3.2 Mood and stock return

The psychological insights regarding mood have been applied to financial decision making. Individuals in positive mood appear to exhibit higher financial risk tolerance than individuals in negative mood (Grable and Roszkowski, 2008). While several of the mood proxies have been tested specifically in a financial markets context, positive mood is related to positive short-term stock return and negative mood to negative short-term stock return (e.g. Dichev and Janes, 2003; Hirshleifer and Shumway, 2003; Kamstra et al., 2003). The concept of mood beta quantifies the sensitivity of an individual stock’s return to changes in mood (Hirshleifer et al., 2018). The return attributable to mood represents a deviation from fundamental value (Lahav and Meer, 2012), with the effect of mood on stock return resulting from changes in the risk aversion of investors, rather than changes in expected future cash flows (Harding and He, 2016).

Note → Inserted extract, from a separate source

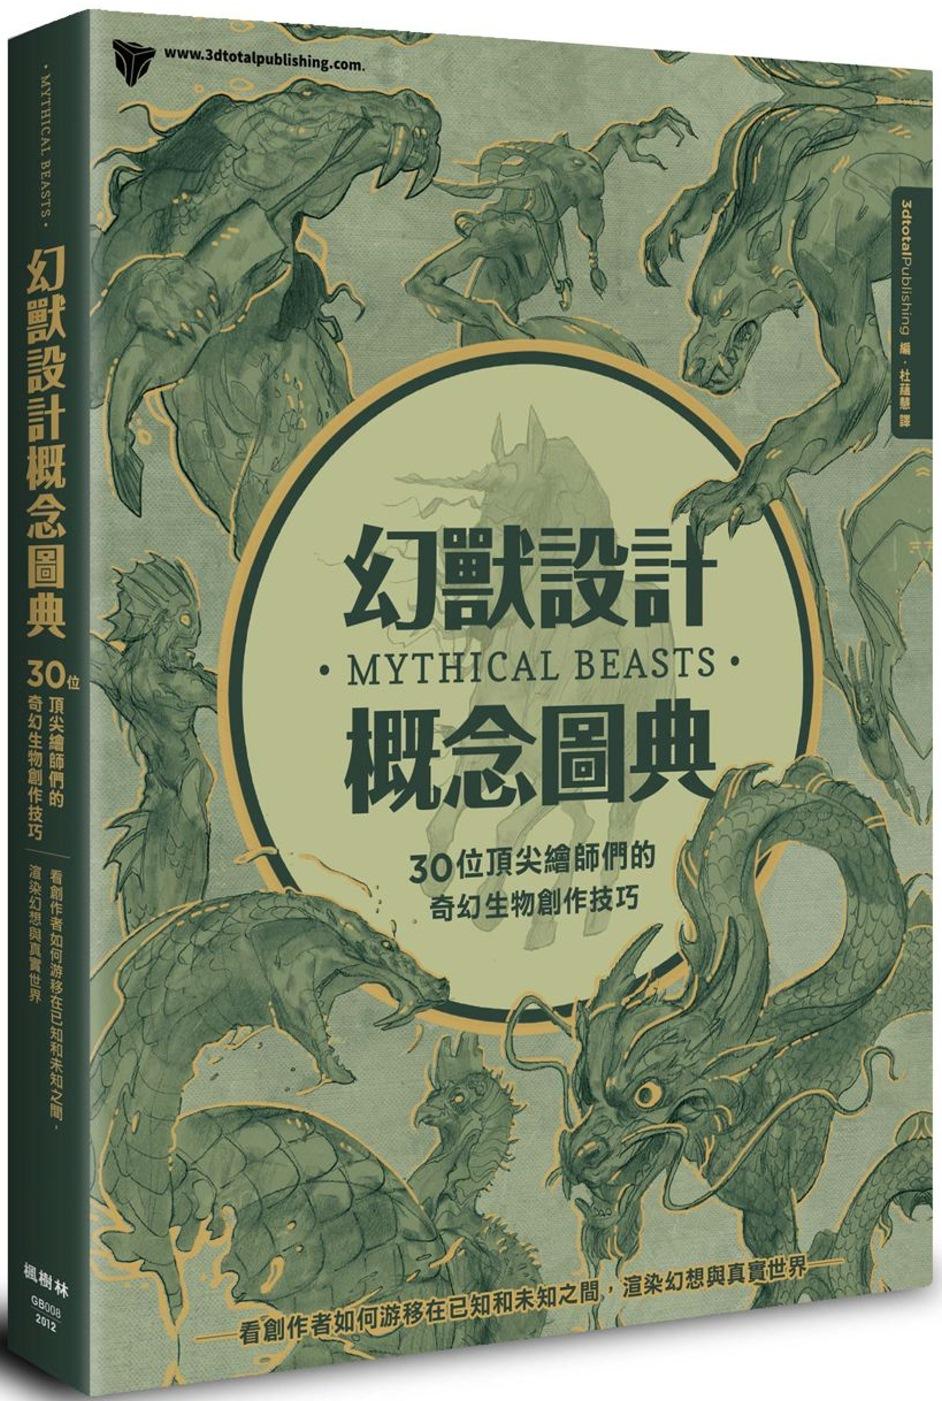 幻獸設計概念圖典:30位頂尖繪師們的奇幻生物創作技巧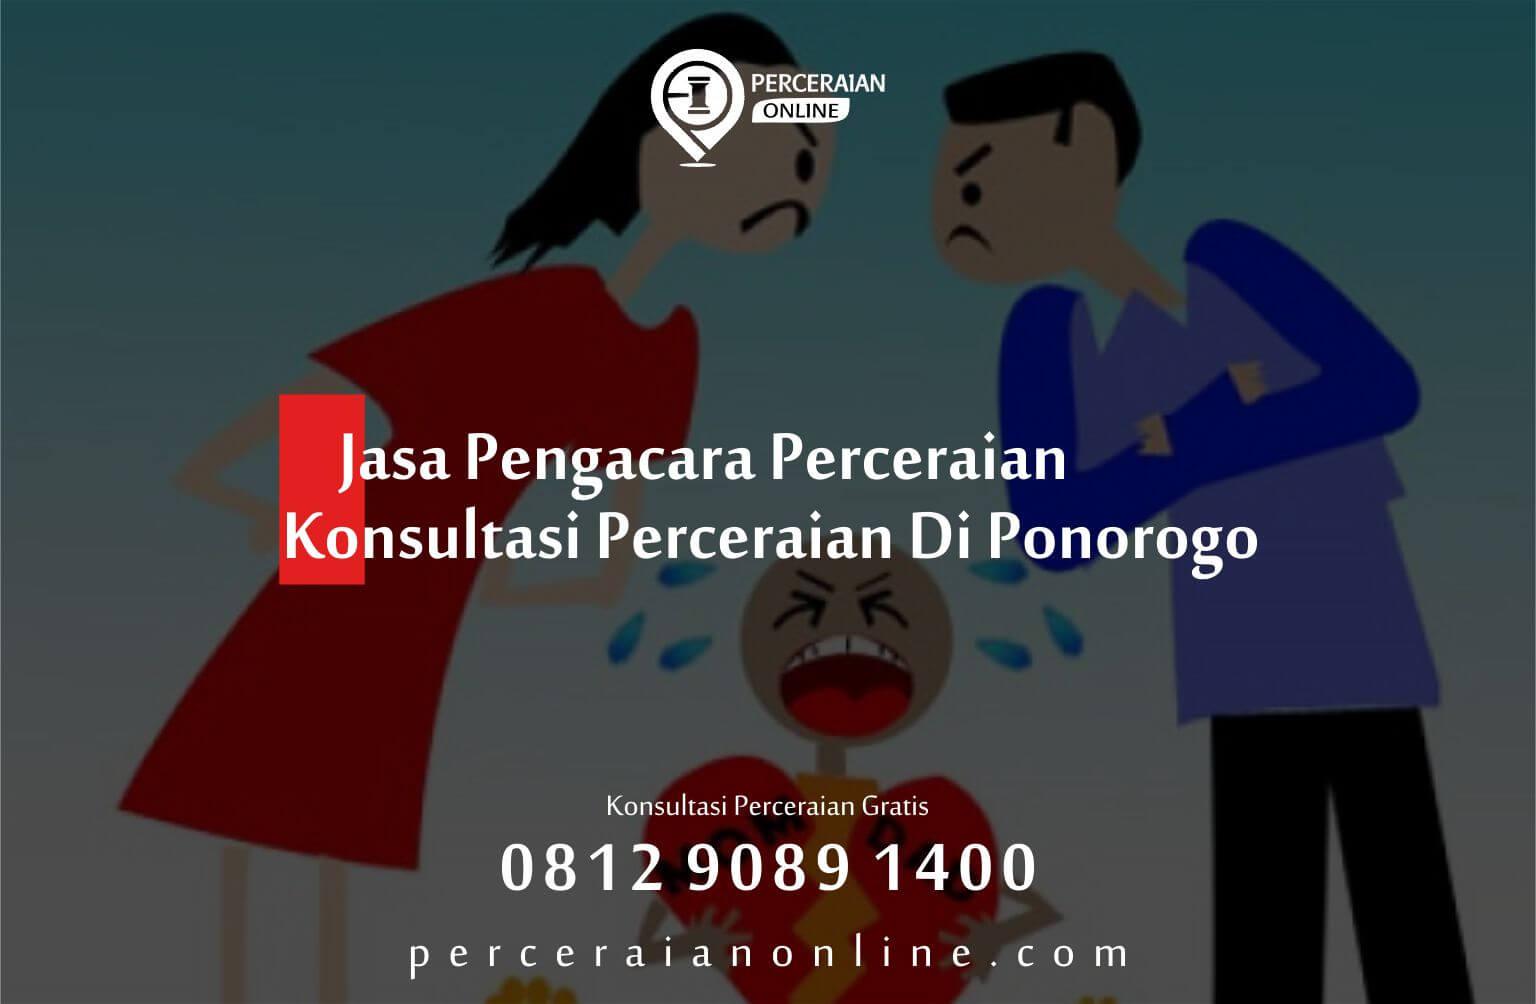 Jasa Pengacara Perceraian, Konsultasi Perceraian Di Ponorogo

4. Sentiment vs mood – conceptual issues

From a theoretical perspective, sentiment and mood can be distinguished clearly. While sentiment is a concept of behavioral finance, mood is a concept that originates in psychology. The proxies of sentiment refer to economic variables, such as stock-market data, whereas the proxies of mood refer to non-economic variables, such as weather data. The direction of causation is one-sided for the mood proxies, which may affect stock return but cannot be affected by stock return. For example, it would not be plausible to suggest that the stock return on a given day explains the hours of sunshine on that day. By way of contrast, the sentiment proxies may both affect stock return and be affected by stock return. For example, the opinions expressed in financial social media may not only explain stock return (Chen et al., 2011) but may also be explained by stock return (Rapp, 2016). Furthermore, sentiment can be diametrically opposed for different stocks or different segments of the stock market (Baker and Wurgler, 2007). Mood tends to have a more uniform impact, however, as it affects the general risk aversion of investors, that is, the market-wide discount rate rather than the expected cash flows of a particular stock (Harding and He, 2016). While sentiment arises due to biased cognitive processes of investors (Baker and Wurgler, 2007), mood arises due to biological processes (Rosenthal et al., 1984). It is therefore questionable whether suboptimal judgment and decision making caused by mood can be changed easily. Suboptimal judgment and decision making caused by sentiment, however, appears to be attenuable through learning and experience (Kahneman and Riepe, 1998).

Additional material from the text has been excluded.